> >

Pemilihan Komisaris yang Tepat Salah Satu Kunci Transformasi BUMN

Advertorial | 2 Juni 2021, 19:16 WIB
Menteri BUMN Erick Thohir. (Sumber: Dok. Kementerian BUMN)

JAKARTA, KOMPAS.TV - Menteri BUMN Erick Thohir menanggapi berbagai isu seputar pemilihan komisaris di perusahaan-perusahaan BUMN.

Terbaru, mengenai penunjukan gitaris grup musik Slank, Abdi Negara Nurdin atau lebih dikenal dengan Abdee Slank, sebagai komisaris PT Telkom Indonesia.

Erick menegaskan, pemilihan jajaran komisaris di BUMN dilakukan Kementerian BUMN dengan berbagai pertimbangan yang matang.
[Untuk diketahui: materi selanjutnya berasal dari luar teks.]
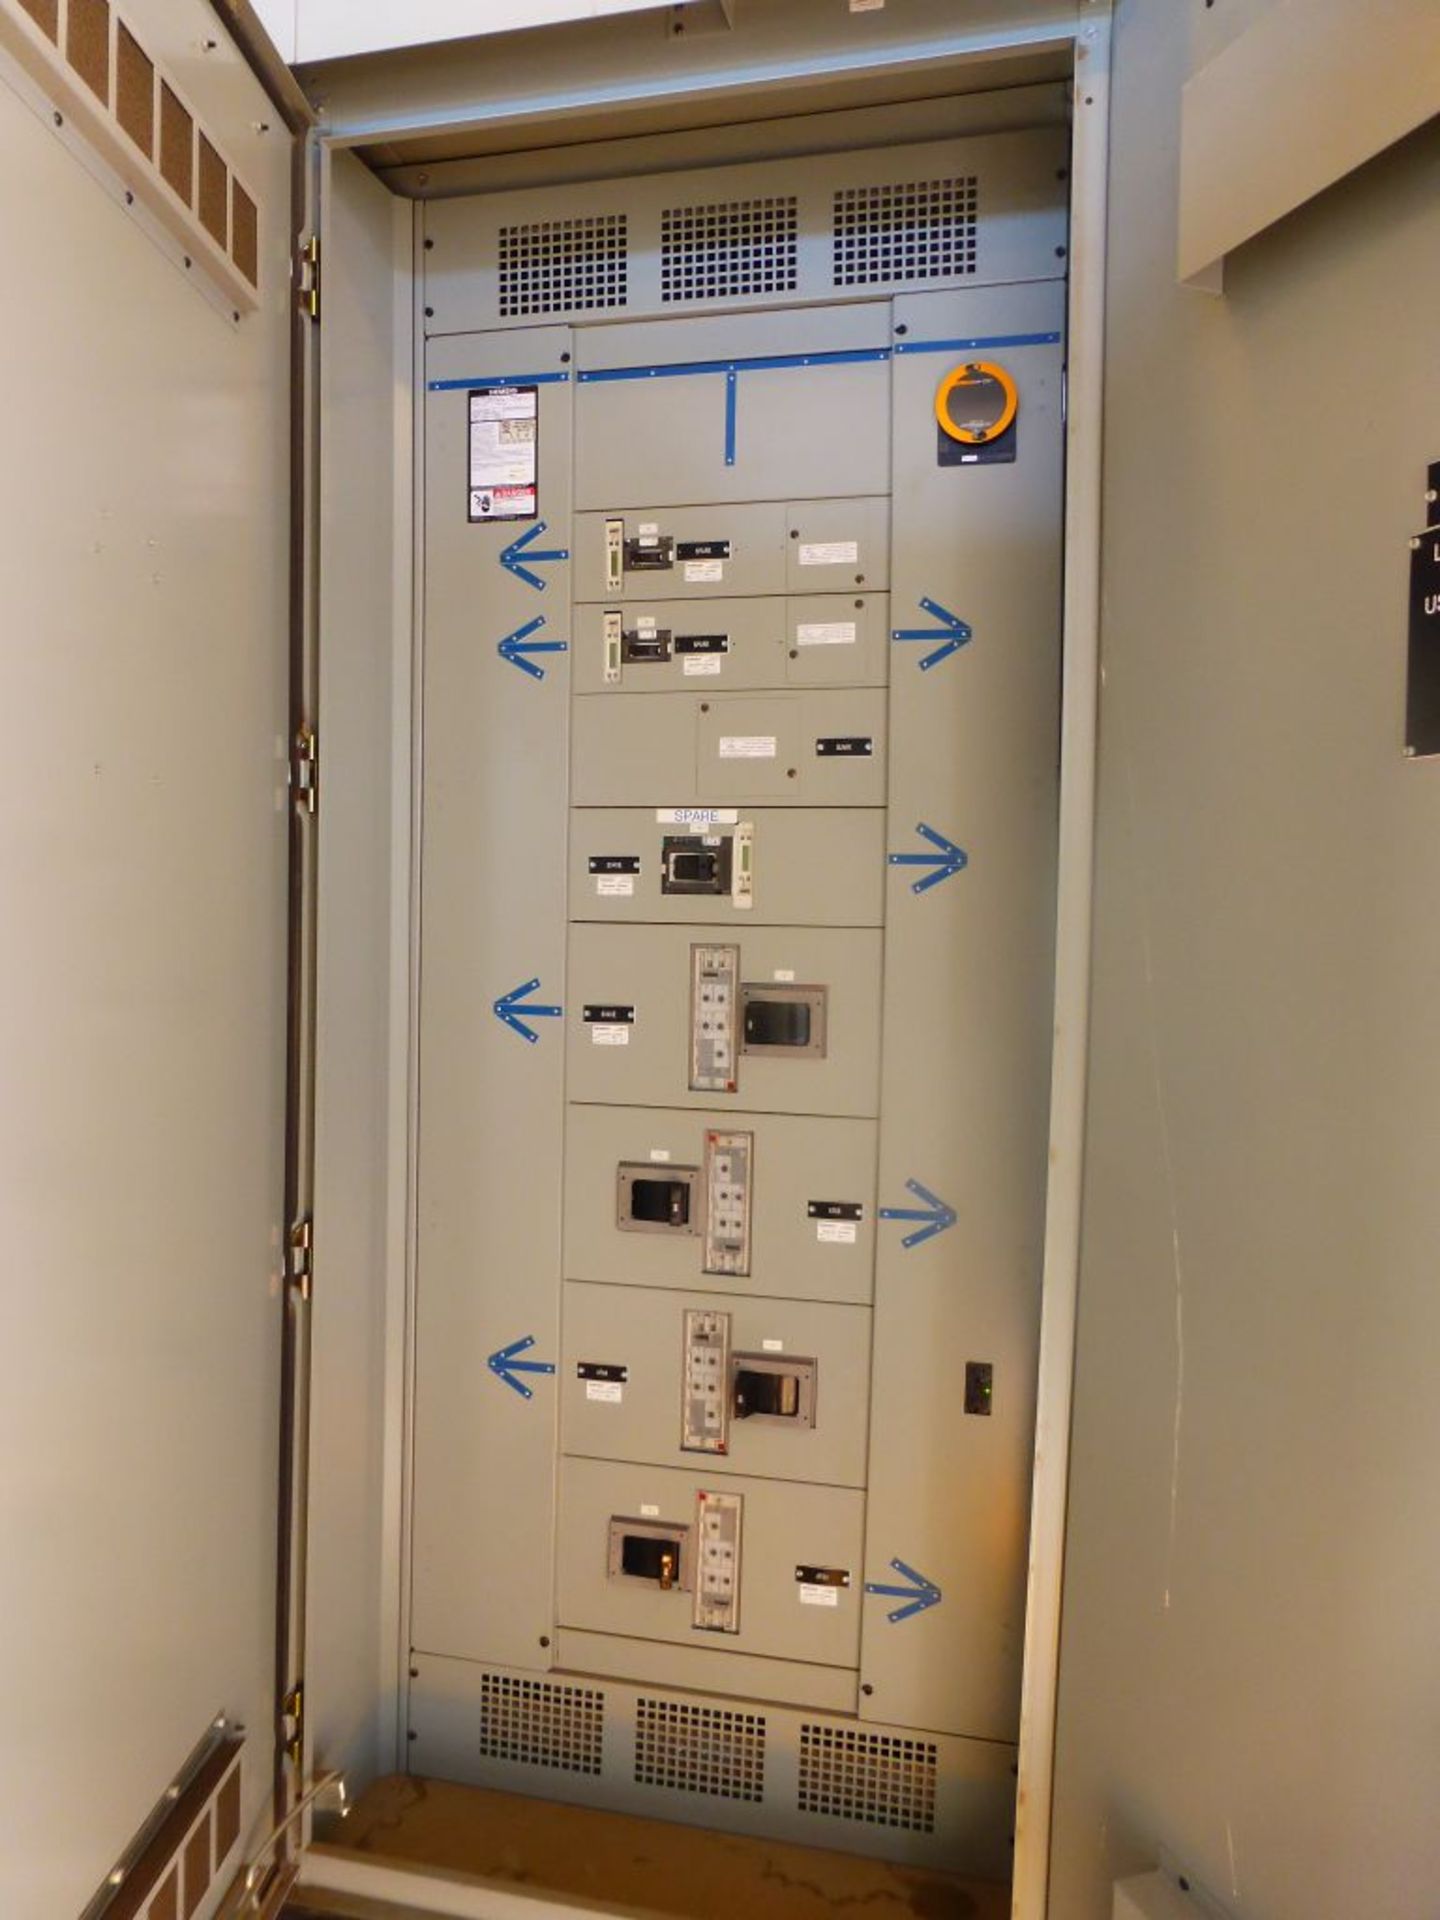 Siemens Switchgear - 4000A Breaker Suitable for Service Entrance | Lot Loading Fee: $500 | Main - Image 25 of 42

Penempatan manajemen komisaris yang tepat merupakan salah satu langkah kunci untuk mentransformasi BUMN.

“Cara mentransformasi BUMN, yaitu dengan penempatan manajemen komisaris yang tepat, kedua pemilihan model bisnis yang tepat setelah pandemi, dan terakhir memastikan kesehatan masing-masing BUMN untuk bisa berkompetisi dengan baik. Karena itu, pemilihan komisaris di BUMN itu pasti ada alasannya, misalnya Telkom,” ujar Erick saat menemui awak media di Lobi Kementerian BUMN, Rabu (6/2/2021).
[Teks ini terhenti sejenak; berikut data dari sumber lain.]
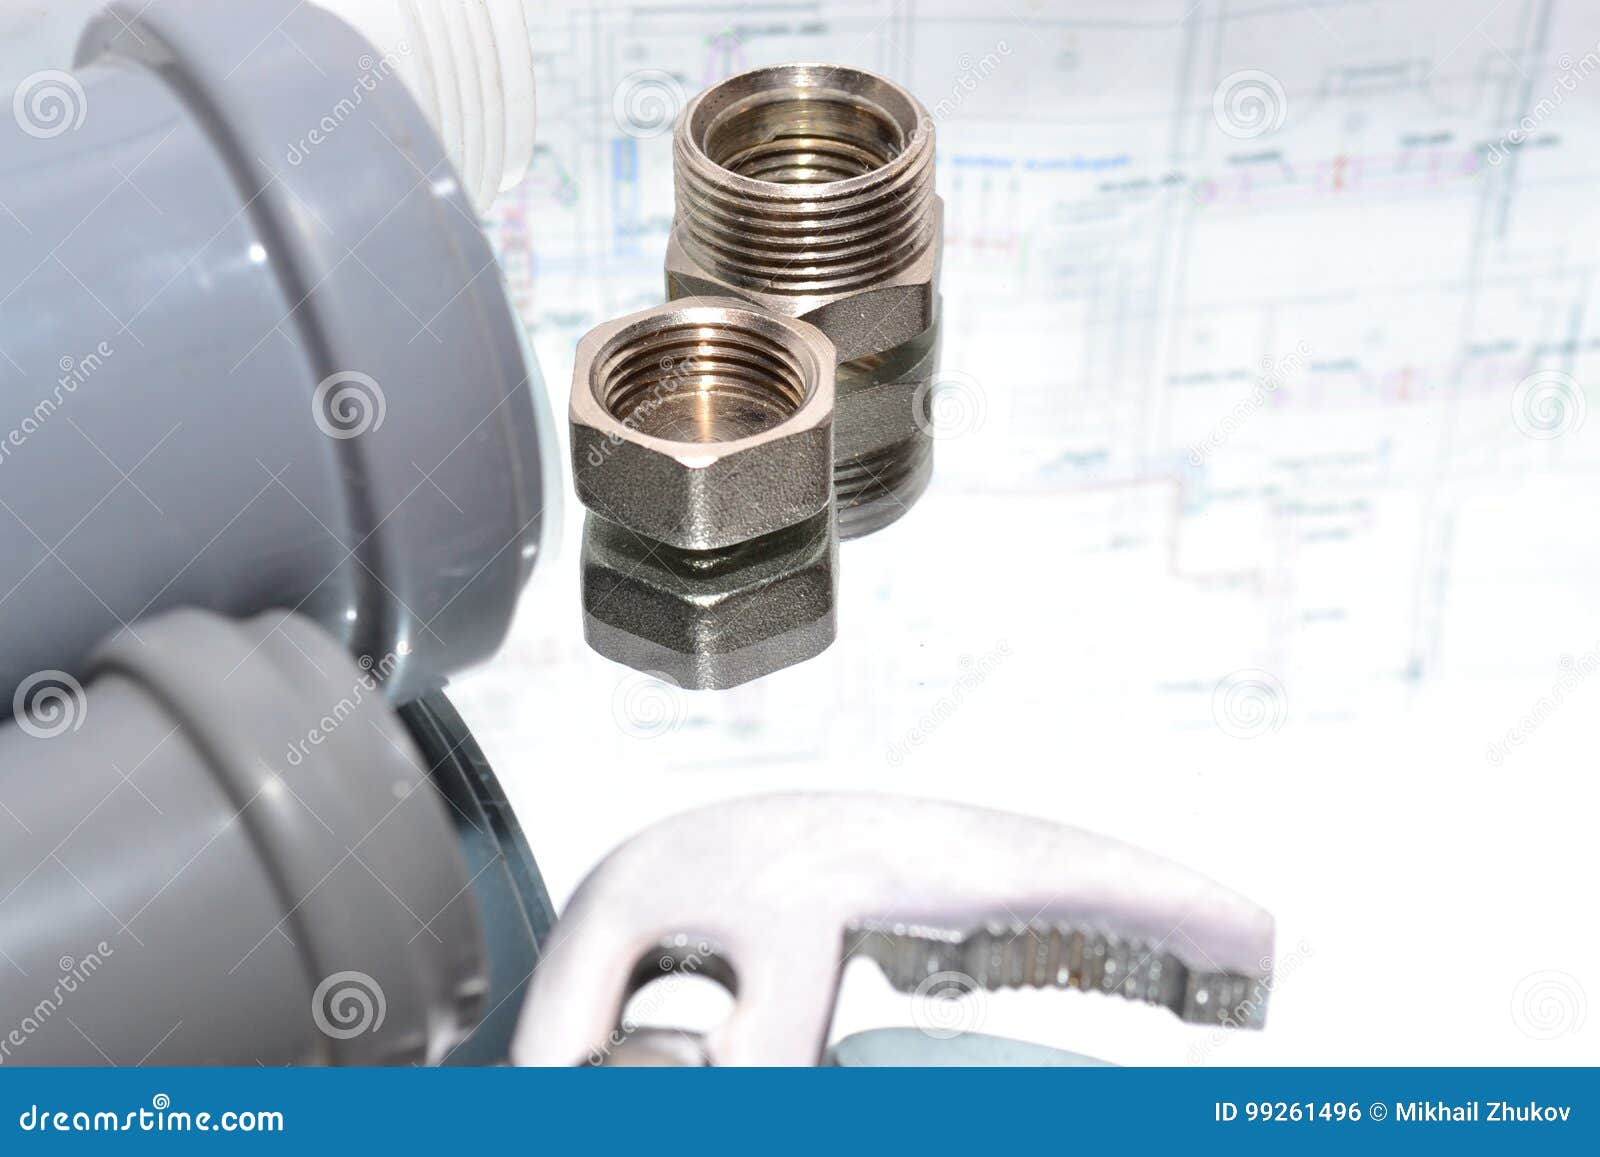 Replacement Of Plumbing Accessories Stock Photo Image Of Plan

Erick menambahkan, Telkom harus menjadi service company untuk telekomunikasi atau industri digital. Baik Telkom maupun Telkomsel didorong untuk dapat menjadi agregator konten lokal agar tidak kalah saing dengan perusahaan-perusahaan swasta atau asing.

Oleh karena itu, Kementerian BUMN menunjuk komisaris-komisaris Telkom yang berasal dari berbagai kalangan, termasuk Menteri Perencanaan Pembangunan Nasional Indonesia periode 2016-2019, Menteri Keuangan Republik Indonesia periode 2014-2016, serta Menteri Riset dan Teknologi Indonesia 2019-2021, Bambang Permadi Soemantri Brodjonegoro sebagai Komisaris Utama.

Baca Juga: Selamatkan BUMN Penerbangan, Erick Thohir Minta Garuda Fokus Pasar Domestik

Kementerian BUMN juga menunjuk Pengacara, Bono Daru Adji, dan Abdee Slank sebagai Komisaris Telkom.

“Kemarin yang men-challenge saya adalah kenapa ada perwakilan musisi dari masyarakat, karena kita ingin adanya terobosan dari Telkom dan Telkomsel agar dapat membangun konten lokal dan keduanya harus menjadi agregator konten lokal,” jelas Erick.

“Telkom juga punya Indihome yang di dalamnya banyak channel-channel yang harus diperbaiki, misalnya ketapa kita nggak membuat channel musik unplugged buat musik jalanan yang sekarang terdampak, atau konser virtual untuk musisi Indonesia yang saat ini tidak punya panggung buat bermusik, padahal payment sistemnya bisa. Ini yang saya harapkan. Konteks-konteks pengangkatan itu pasti ada kontroversinya, tetapi percayalah pasti kita berbuat yang terbaik,” lanjutnya.